**INPUT RECORDS:**
⟨
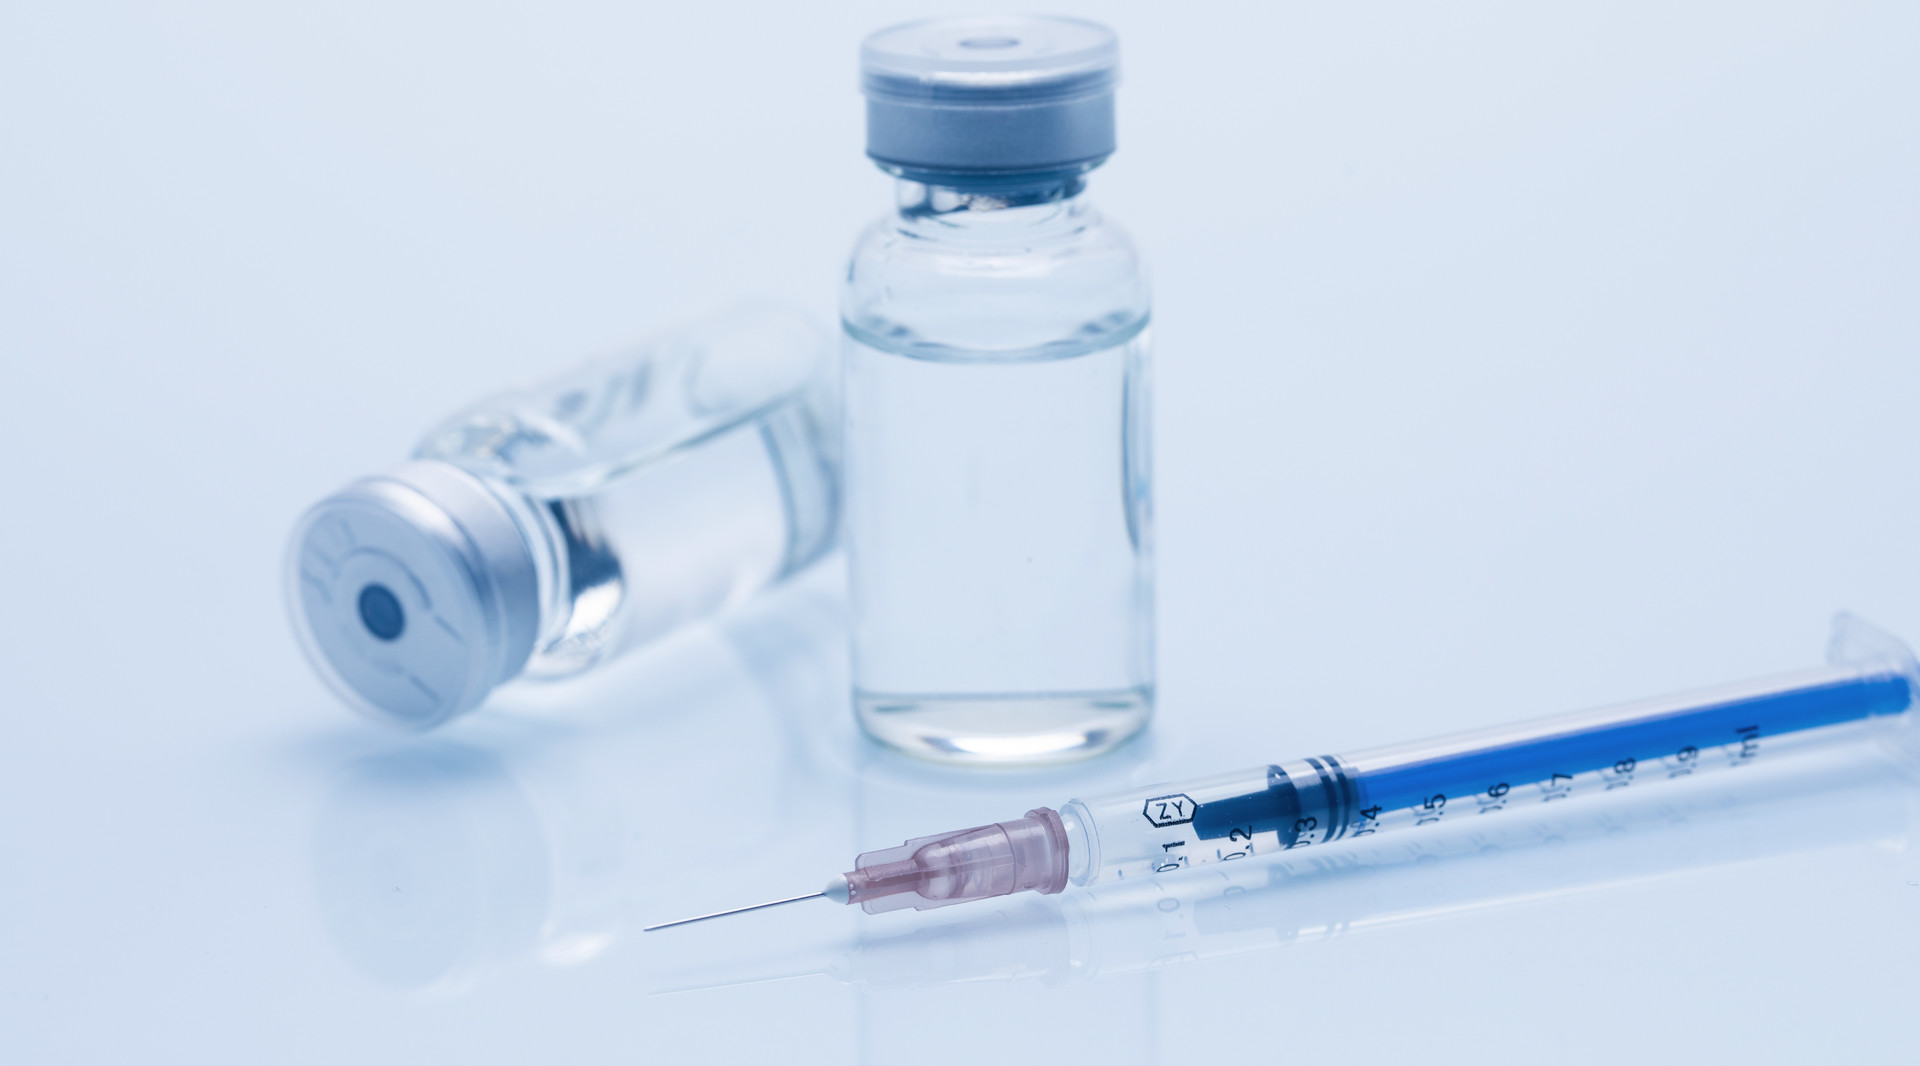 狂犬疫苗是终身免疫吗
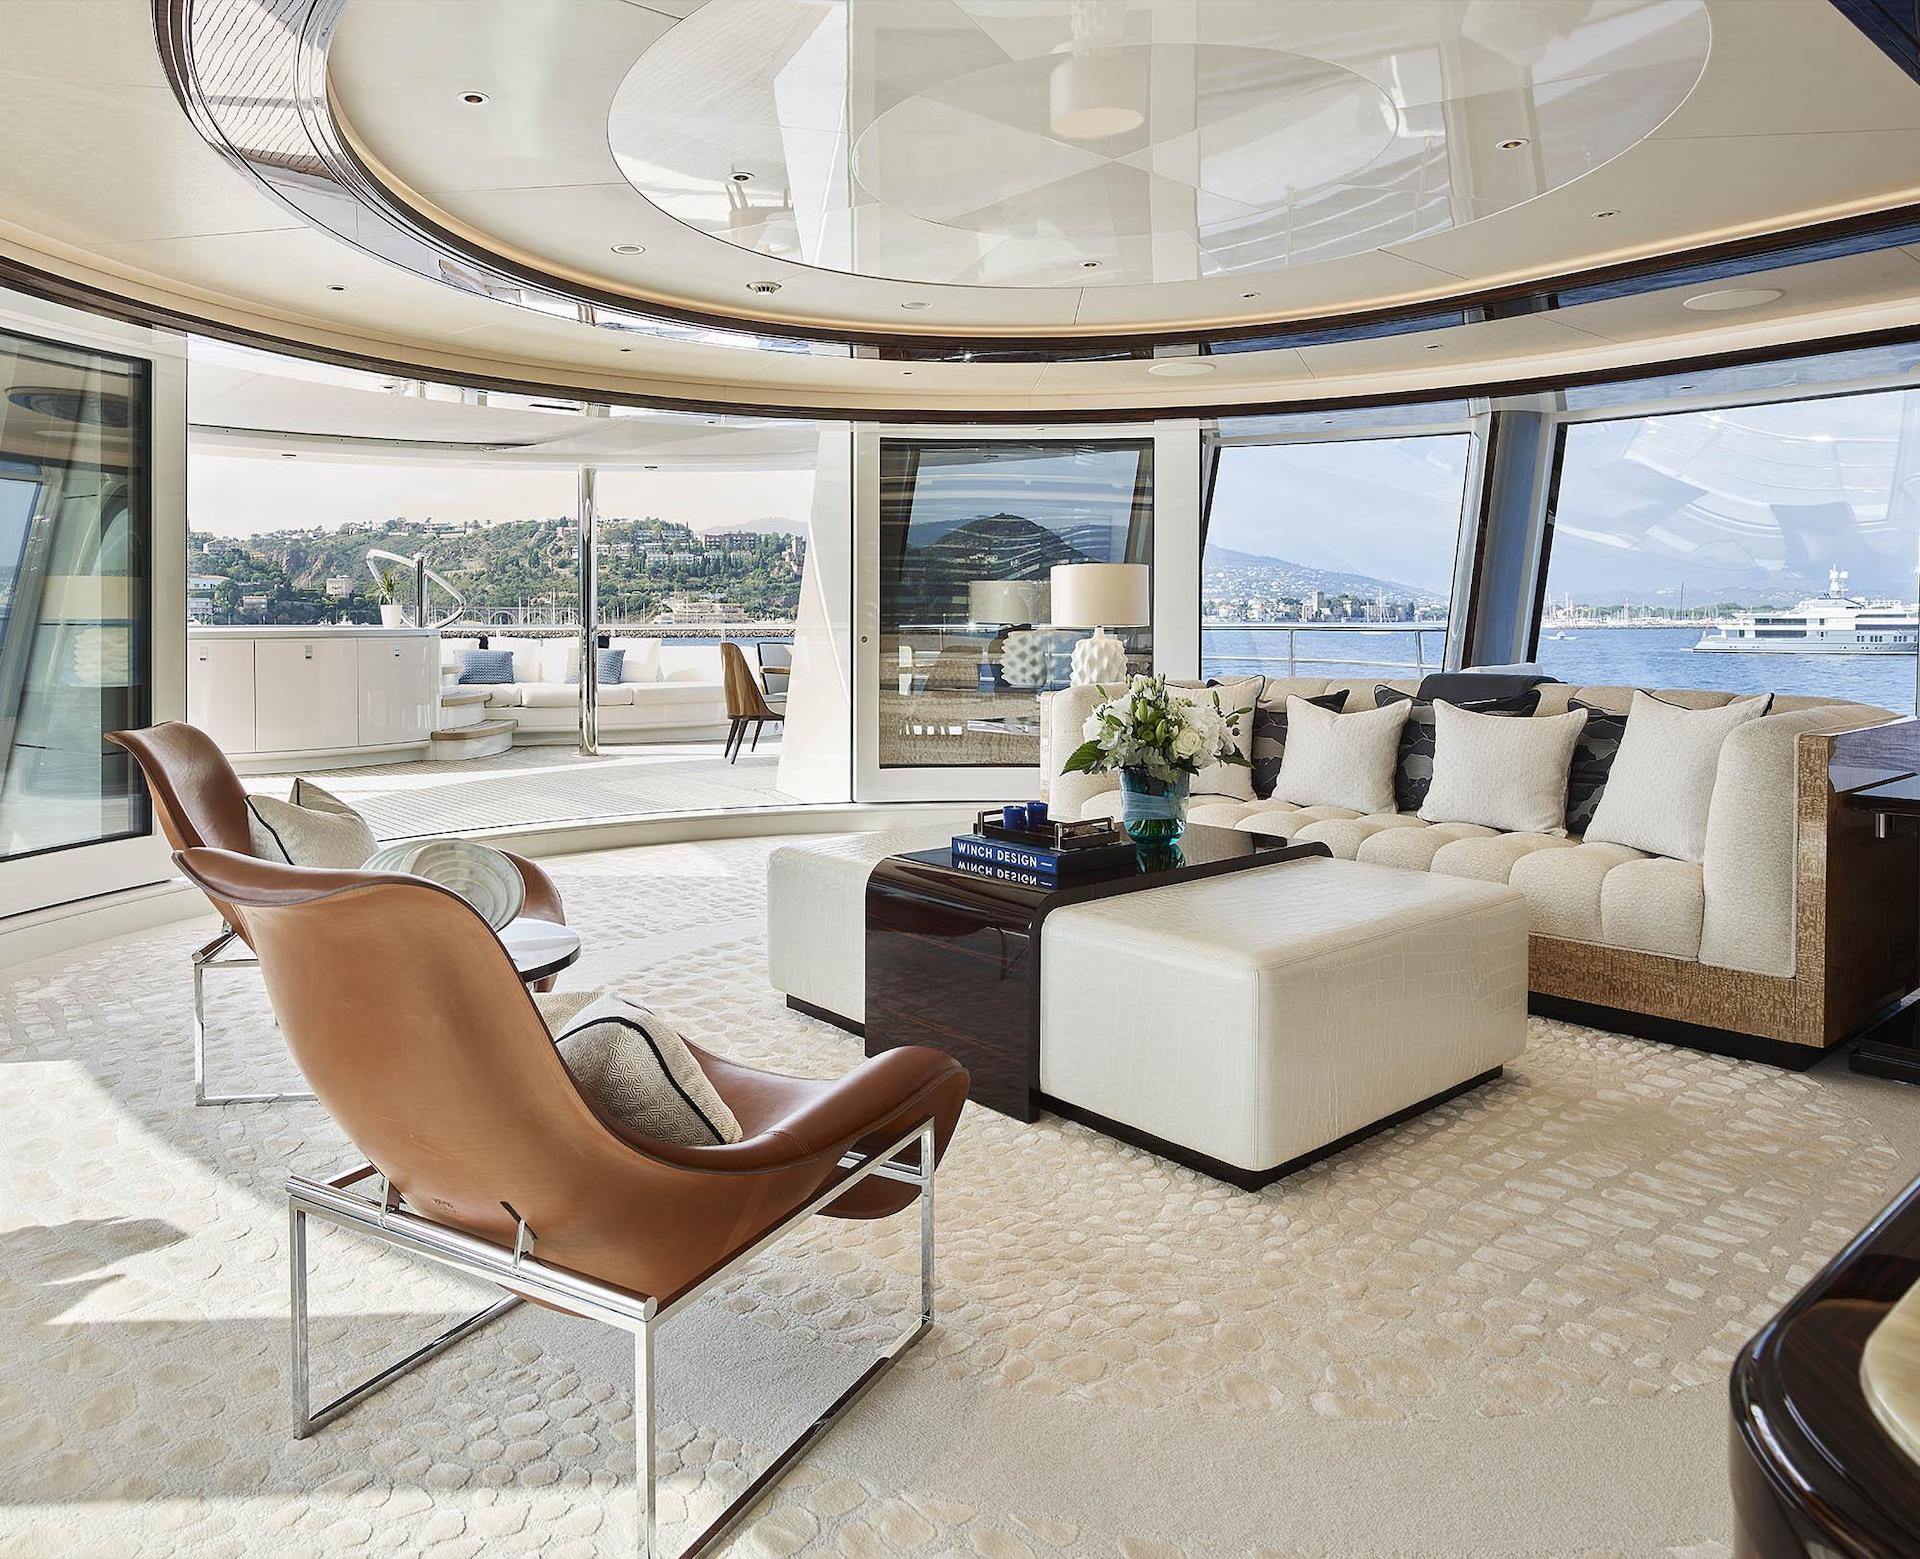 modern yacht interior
⟩
⟨
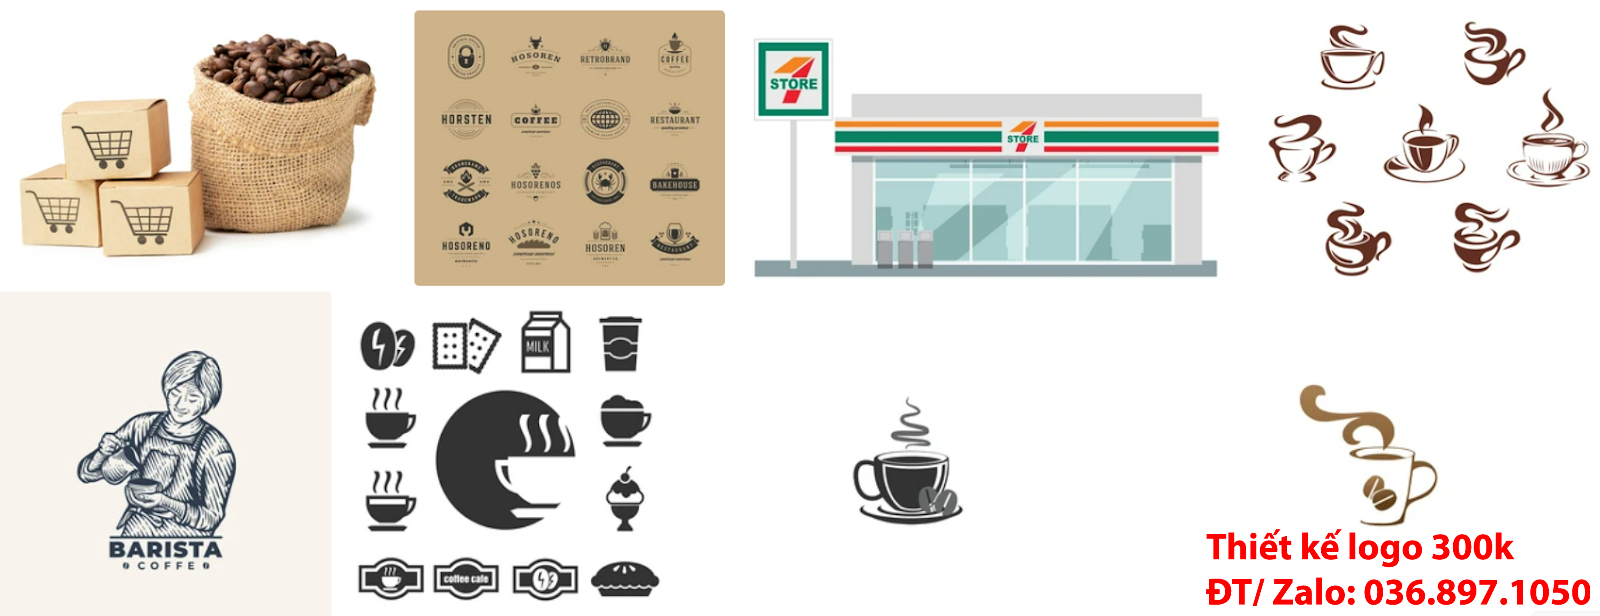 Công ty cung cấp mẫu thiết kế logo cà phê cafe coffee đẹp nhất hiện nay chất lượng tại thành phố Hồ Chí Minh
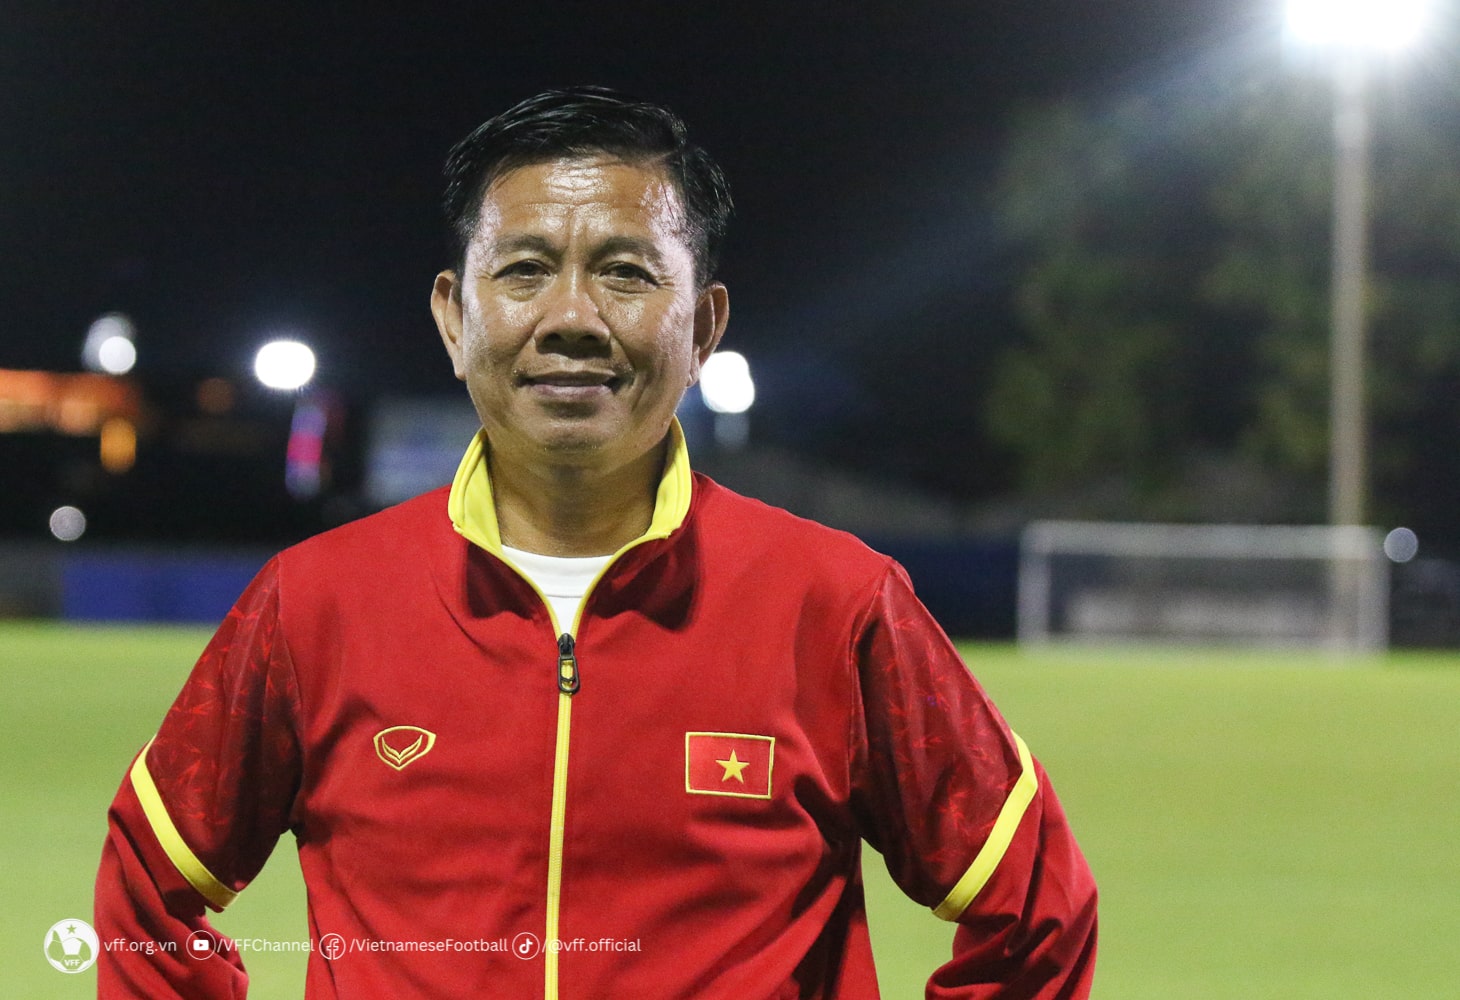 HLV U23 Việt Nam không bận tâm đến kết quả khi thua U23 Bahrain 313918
⟩
Above are the records; return the lines in them from the one with "Công ty cung" to the one with "HLV U23 Việt", inclusive, exactly and without images.

**RESPONSE:**
 Công ty cung cấp mẫu thiết kế logo cà phê cafe coffee đẹp nhất hiện nay chất lượng tại thành phố Hồ Chí Minh
 HLV U23 Việt Nam không bận tâm đến kết quả khi thua U23 Bahrain 313918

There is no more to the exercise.